Drive already mounted at /content/drive; to attempt to forcibly remount, call drive.mount("/content/drive", force_remount=True).


In [21]:
!pip install -r drive/MyDrive/detectime/requirements.txt

In [4]:
cd drive/MyDrive/detectime/

/content/drive/MyDrive/detectime


In [5]:
import os
import sys
import logging
import numpy as np
import random
from tqdm import tqdm

sys.path.append('.')
from definitions import ROOT_DIR
from detectime.utils import (
    save_checkpoint,
    train_valid_split
)
from detectime.models import load_model
from detectime.loss_function import get_loss
from detectime.optimizers import (
    get_optimizer,
    get_scheduler
)
from detectime.dataset import get_data_loaders
from detectime.train import train, validation

%matplotlib inline
%load_ext autoreload
%autoreload 2

log = logging.getLogger(__name__)

{"asctime": "2021-07-07 10:23:08", "name": "matplotlib.pyplot", "filename": "pyplot.py", "levelname": "DEBUG", "message": "Loaded backend module://ipykernel.pylab.backend_inline version unknown."}


In [6]:
DATA_PATH = ROOT_DIR / 'data'
NOTEBOOK_PATH = ROOT_DIR / 'notebooks'
INPUT_DATA = DATA_PATH / 'INPUT_DATA'
INPUT_IMAGES_FOLDER = INPUT_DATA / 'TRAIN_DATA'
TRAIN_IMG_FOLDER = INPUT_DATA / 'TRAIN_IMG'
SAVE_TRAIN_IMAGES_HANDS = TRAIN_IMG_FOLDER / 'HANDS'
SAVE_TRAIN_IMAGES_FACES= TRAIN_IMG_FOLDER / 'FACES'

JSON_FOLDER = INPUT_DATA / 'JSON'
FACES_JSON_PRETRAINED = JSON_FOLDER / 'train_with_bboxes.json'
TRAIN_LABELS = INPUT_DATA / 'train.csv'
HAND_DETECTION_FOLDER = ROOT_DIR / 'model' / 'mask_rcnn_hand_detection.h5'
ANNOTATION_DATA = JSON_FOLDER / 'hands.json'

Подгрузим известный нам конфиг и будем использовать `device` для обучения - либо `cpu`, либо `cuda`.

In [19]:
import torch
import yaml
from detectime.utils import convert_dict_to_tuple

CONFIG_PATH = ROOT_DIR / 'config.yml'

with open(CONFIG_PATH) as f:
    data = yaml.safe_load(f)
config = convert_dict_to_tuple(dictionary=data)

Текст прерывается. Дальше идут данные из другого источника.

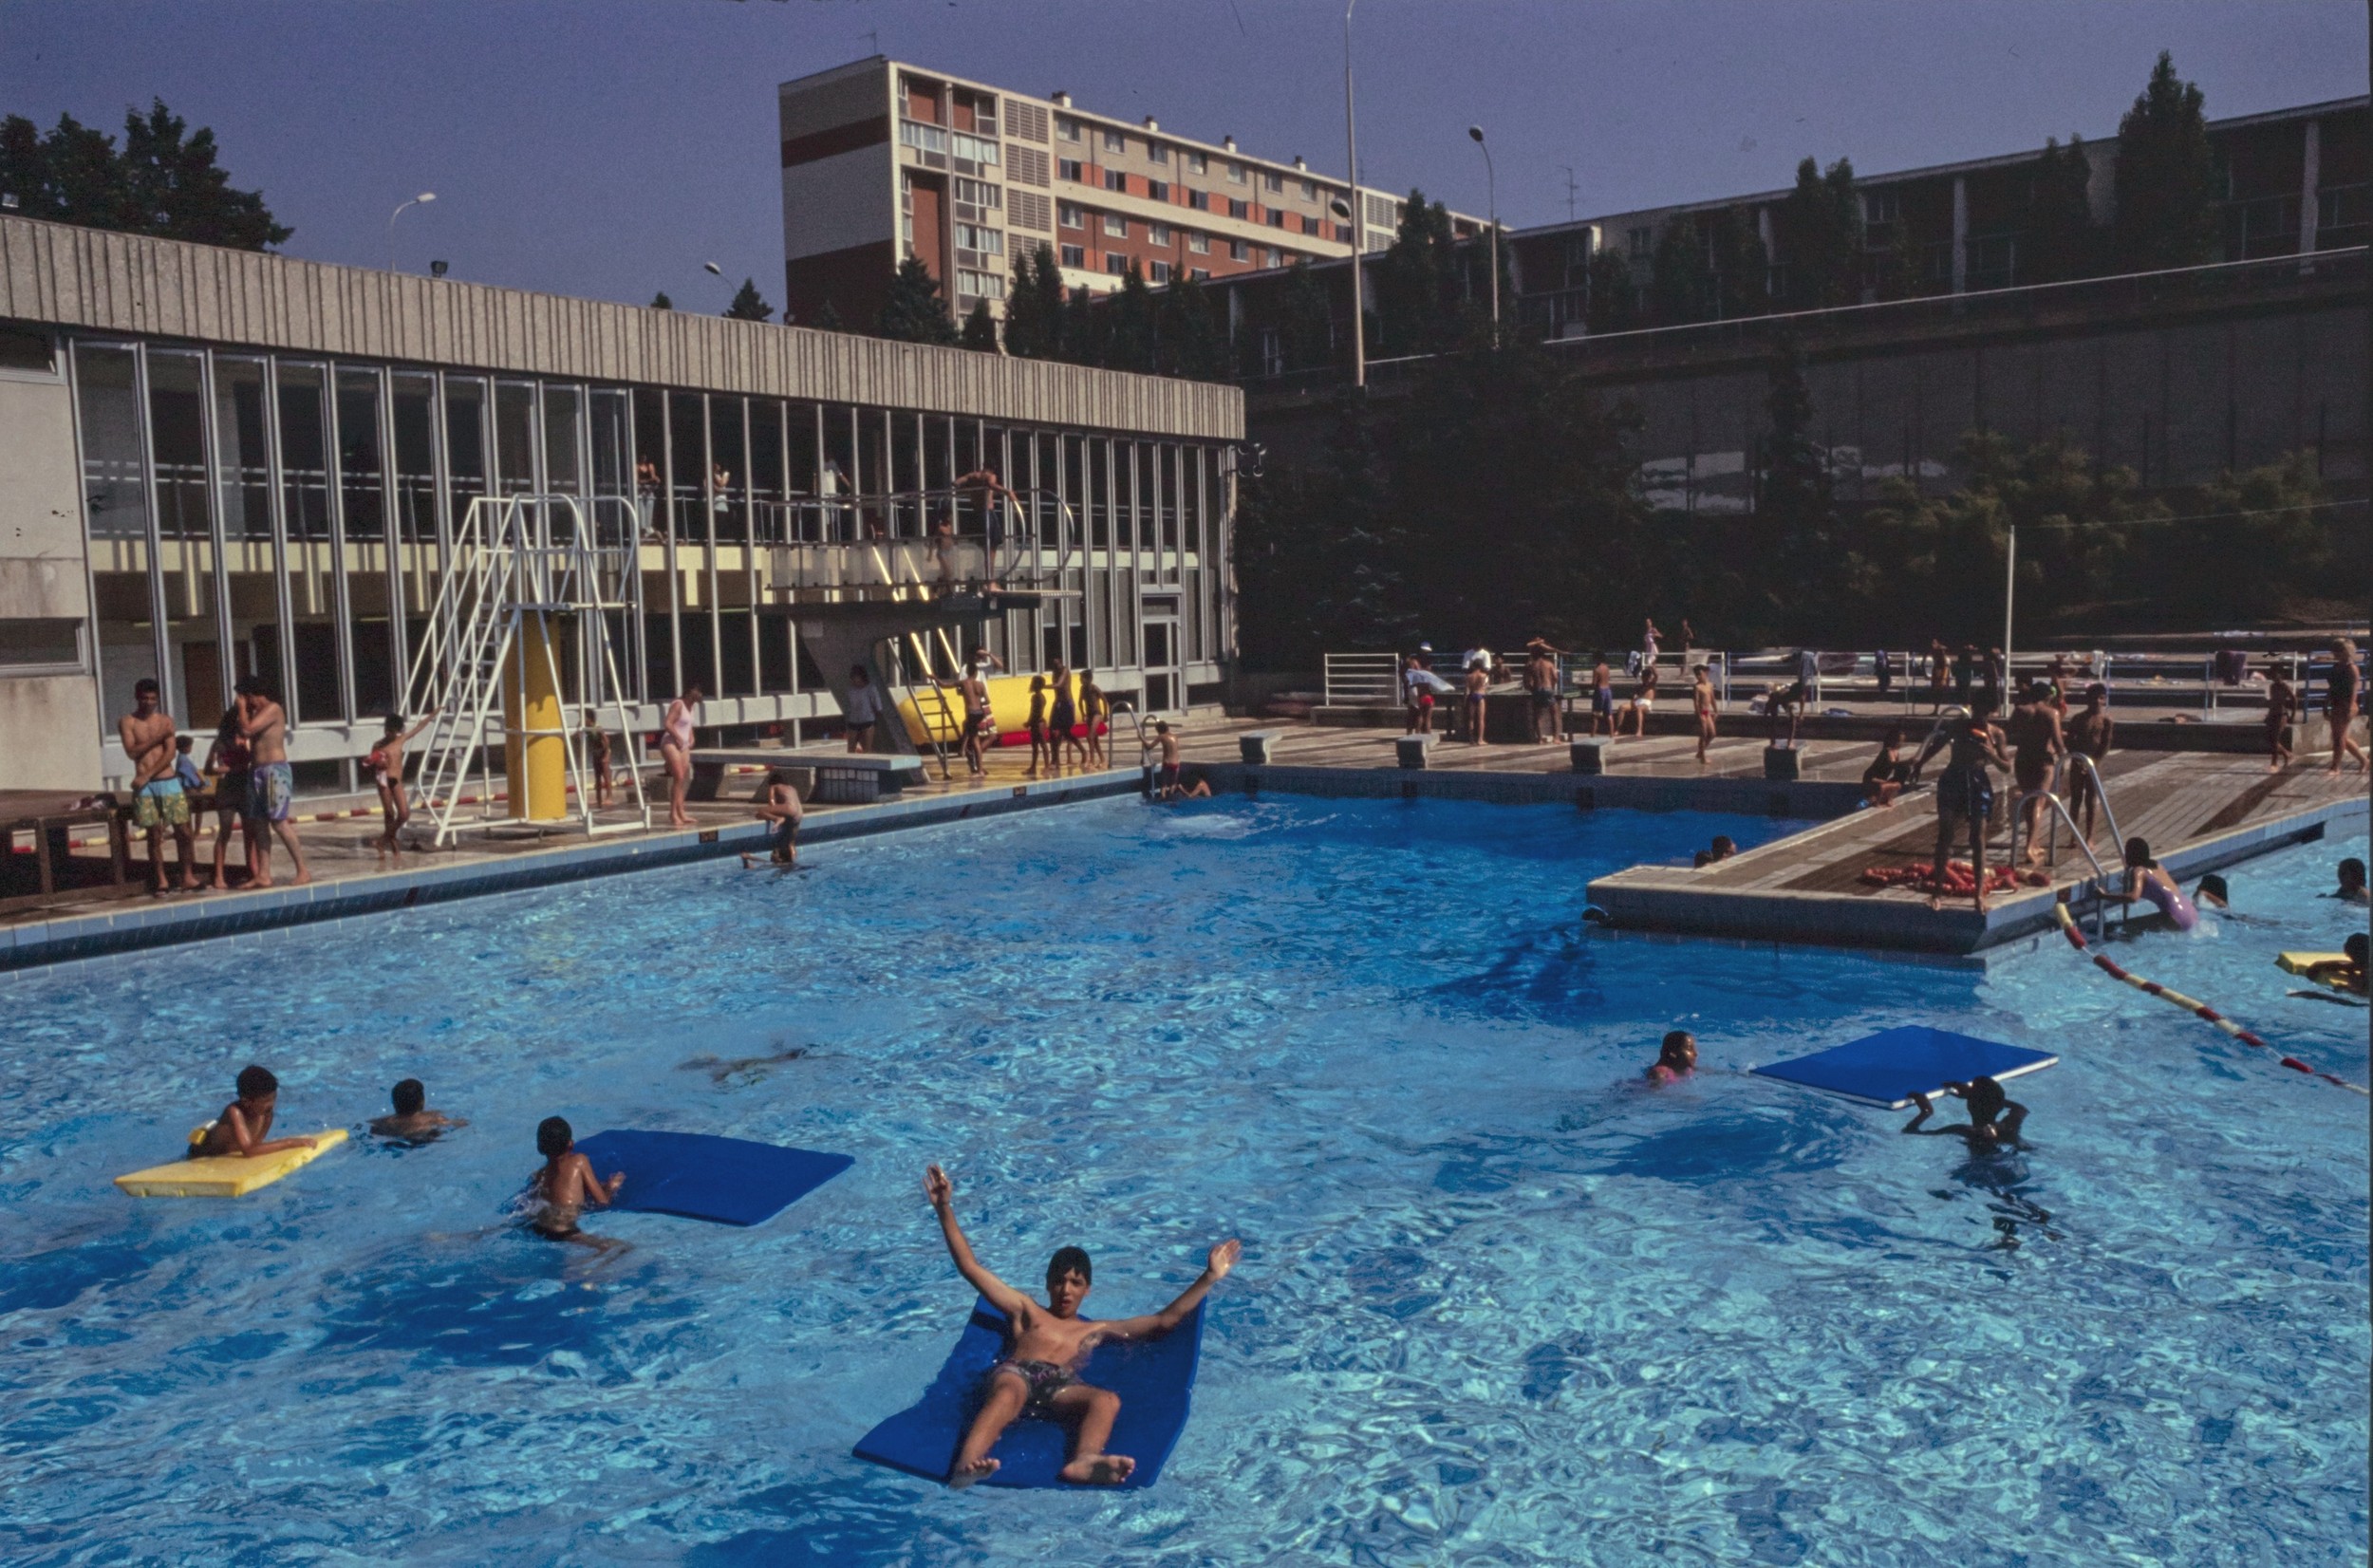 Visite de la piscine municipale Mermoz par Michel Noir et Henry Vianay : diapositive couleur par Piguet (1992, cote : 1518WP/1073, repro. commerciale interdite)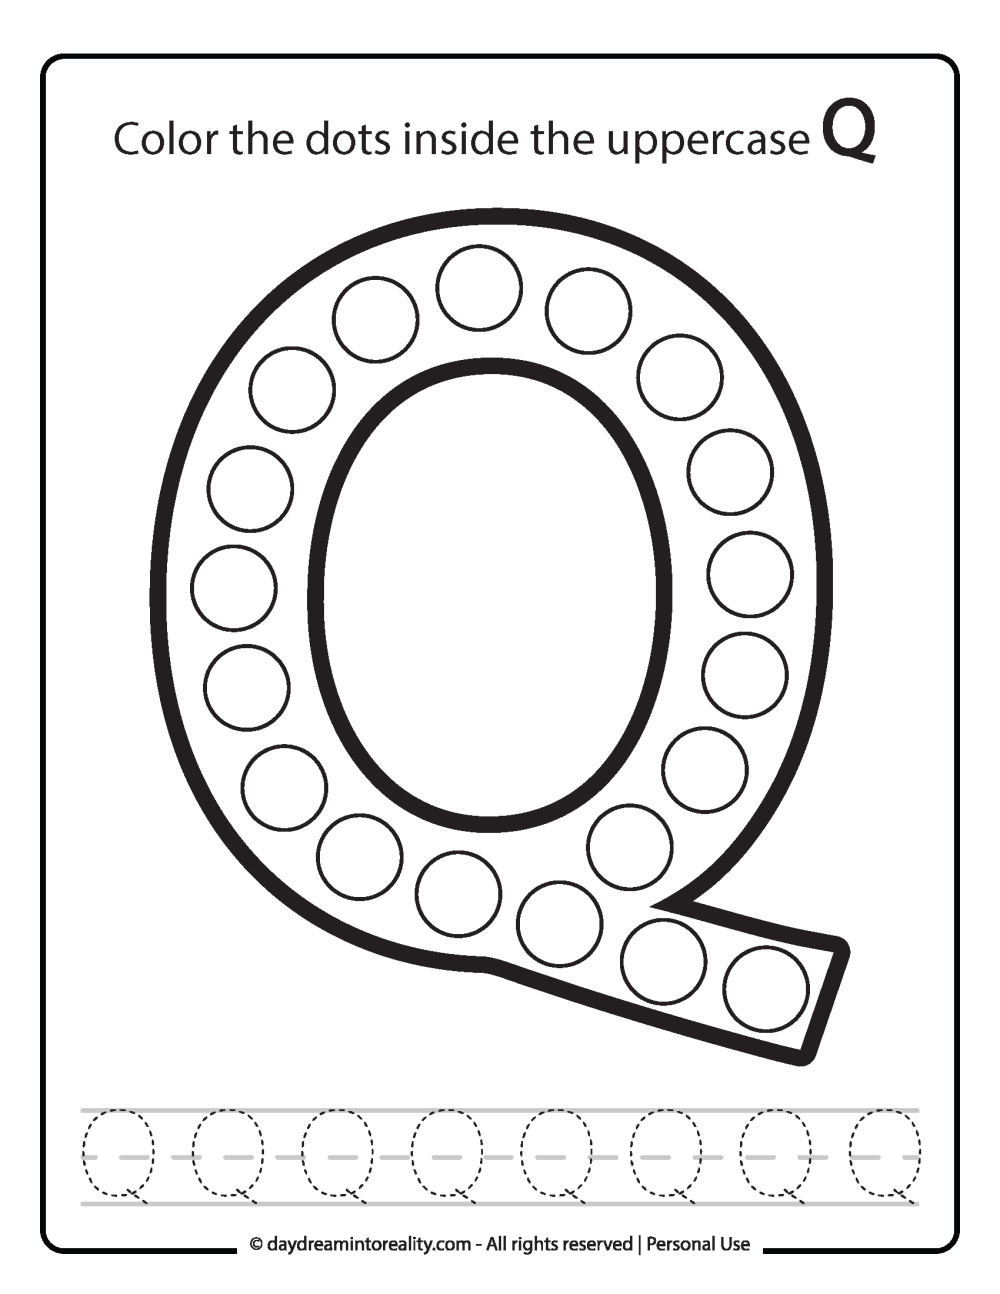 Uppercase "Q" Dot Marker Worksheet Free Printable activity for kids (preschool, kindergarten).

device_name = 'cuda' if torch.cuda.is_available() else 'cpu'
device = torch.device(device_name)
print(f'device: {device_name}')

device: cuda


Обеспечим консистентность и воспроизводимость системы.

In [8]:
seed = config.dataset.seed
torch.manual_seed(seed)
np.random.seed(seed)
random.seed(seed)

torch.backends.cudnn.deterministic = True
torch.backends.cudnn.benchmark = True

os.environ['CUDA_VISIBLE_DEVICES'] = config.cuda_id

Подгрузим веса модели `ResNet34`.

In [9]:
print("Loading model...")
net = load_model(config, device=device_name)
print("Done.")

Loading model...
{"asctime": "2021-07-07 10:23:11", "name": "detectime.models", "filename": "models.py", "levelname": "INFO", "message": "ResNet34"}
Done.


Подгрузим optimizer, scheduler и loss aggregator.

In [10]:
criterion, criterion_val = get_loss(config, device=device_name)

In [11]:
optimizer = get_optimizer(config, net)

{"asctime": "2021-07-07 10:23:14", "name": "detectime.optimizers", "filename": "optimizers.py", "levelname": "INFO", "message": "0.002"}
{"asctime": "2021-07-07 10:23:14", "name": "detectime.optimizers", "filename": "optimizers.py", "levelname": "INFO", "message": "Opt: SGD"}


In [12]:
n_epoch = config.train.n_epoch
scheduler = get_scheduler(config, optimizer)
train_epoch = tqdm(range(config.train.n_epoch),
                   dynamic_ncols=True,
                   desc='Epochs',
                   position=0)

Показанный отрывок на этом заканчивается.